Industry 4.0 and Beyond
Driven by consumer’s ever-changing demands, manufacturers nowadays are looking to incorporate sensing technology as one of their initiatives to migrate towards Industry 4.0. Over the years, 3D printing, the Industrial Internet of Things (IIoT) and machine vision technologies have made many industrial applications previously unattainable a reality. These technologies add flexibility or even portability to production lines, enabling factories to respond efficiently according to customers’ preferences. The trend to demand higher throughput, better quality and safer working conditions will endure as the onset of Industry 4.0 propels manufacturers to embrace connectivity between smart components.

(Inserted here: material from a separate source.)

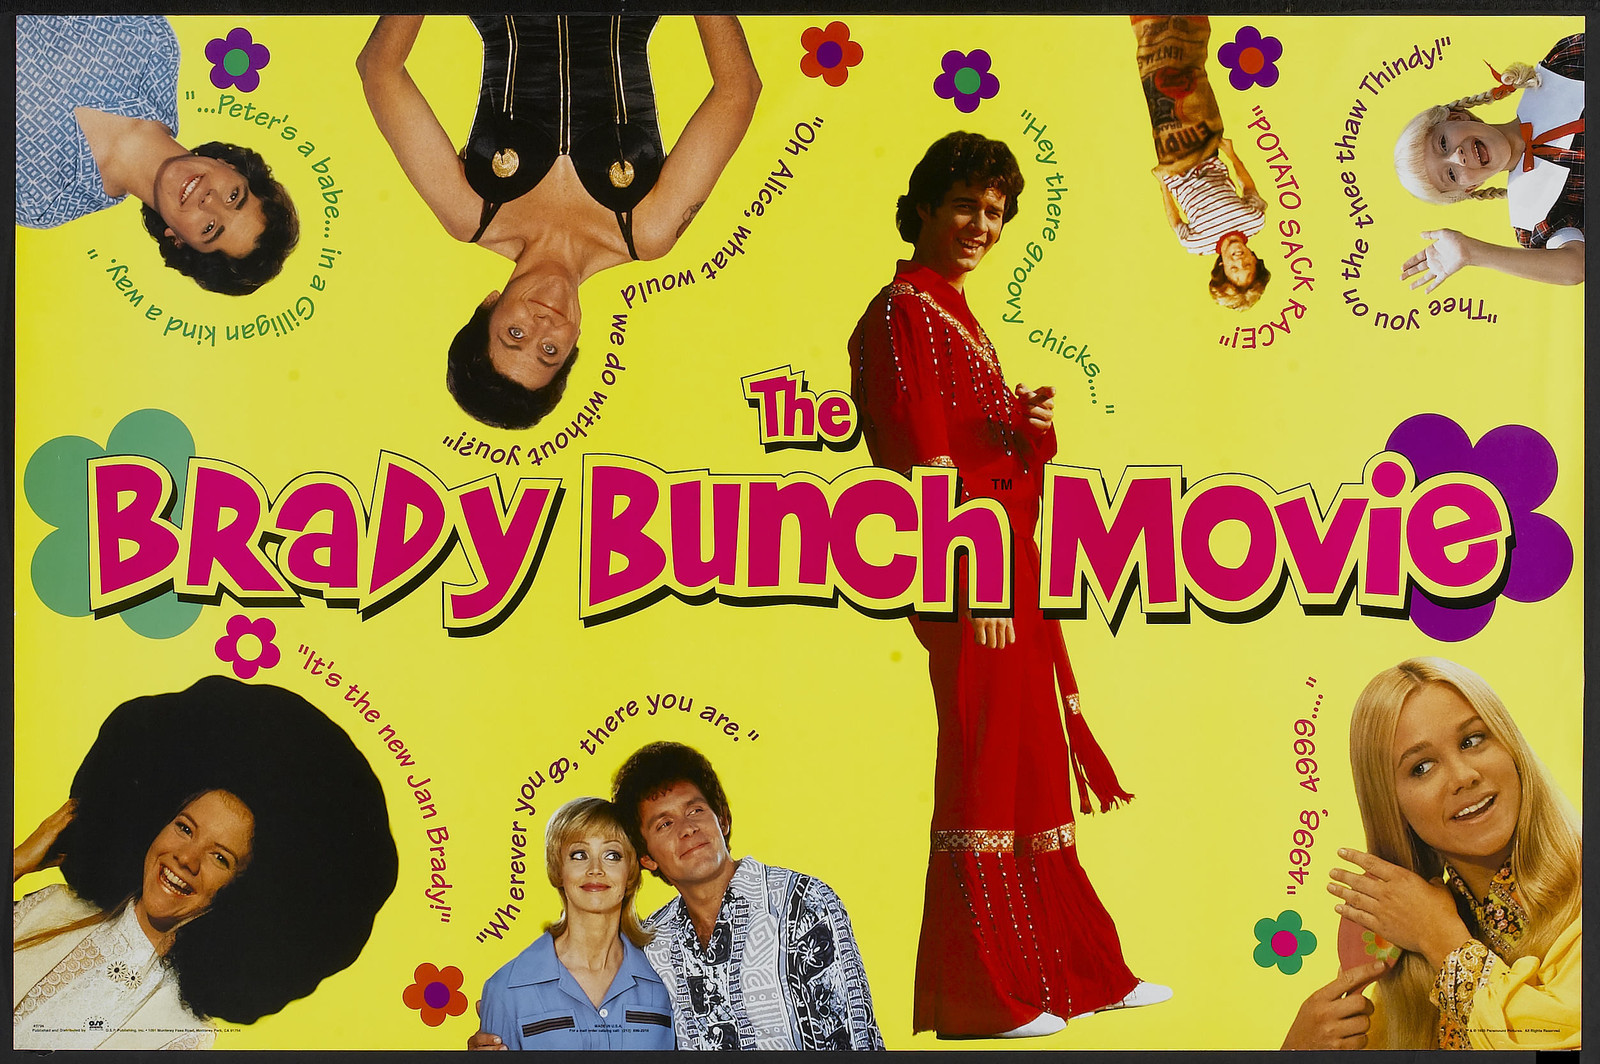 Bardy bunch movie

Machine vision plays an integral role in capturing the physical world and transforming it into networked, digital data. The process of digitization enables companies to create new values for their customers. Manufacturers have already seen a significant upturn in waste reduction and profit margin with the integration of 3D machine vision. Taking one step further in driving industrial applications forward is to embrace Edge computing, the capability to move computer processing closer to sensors to decrease latency and improve efficiency. Machine vision technologies must then innovate to incorporate as many computing, storing and connectivity capabilities as possible for a future-proofing solution that understands, translates and interacts with the real world.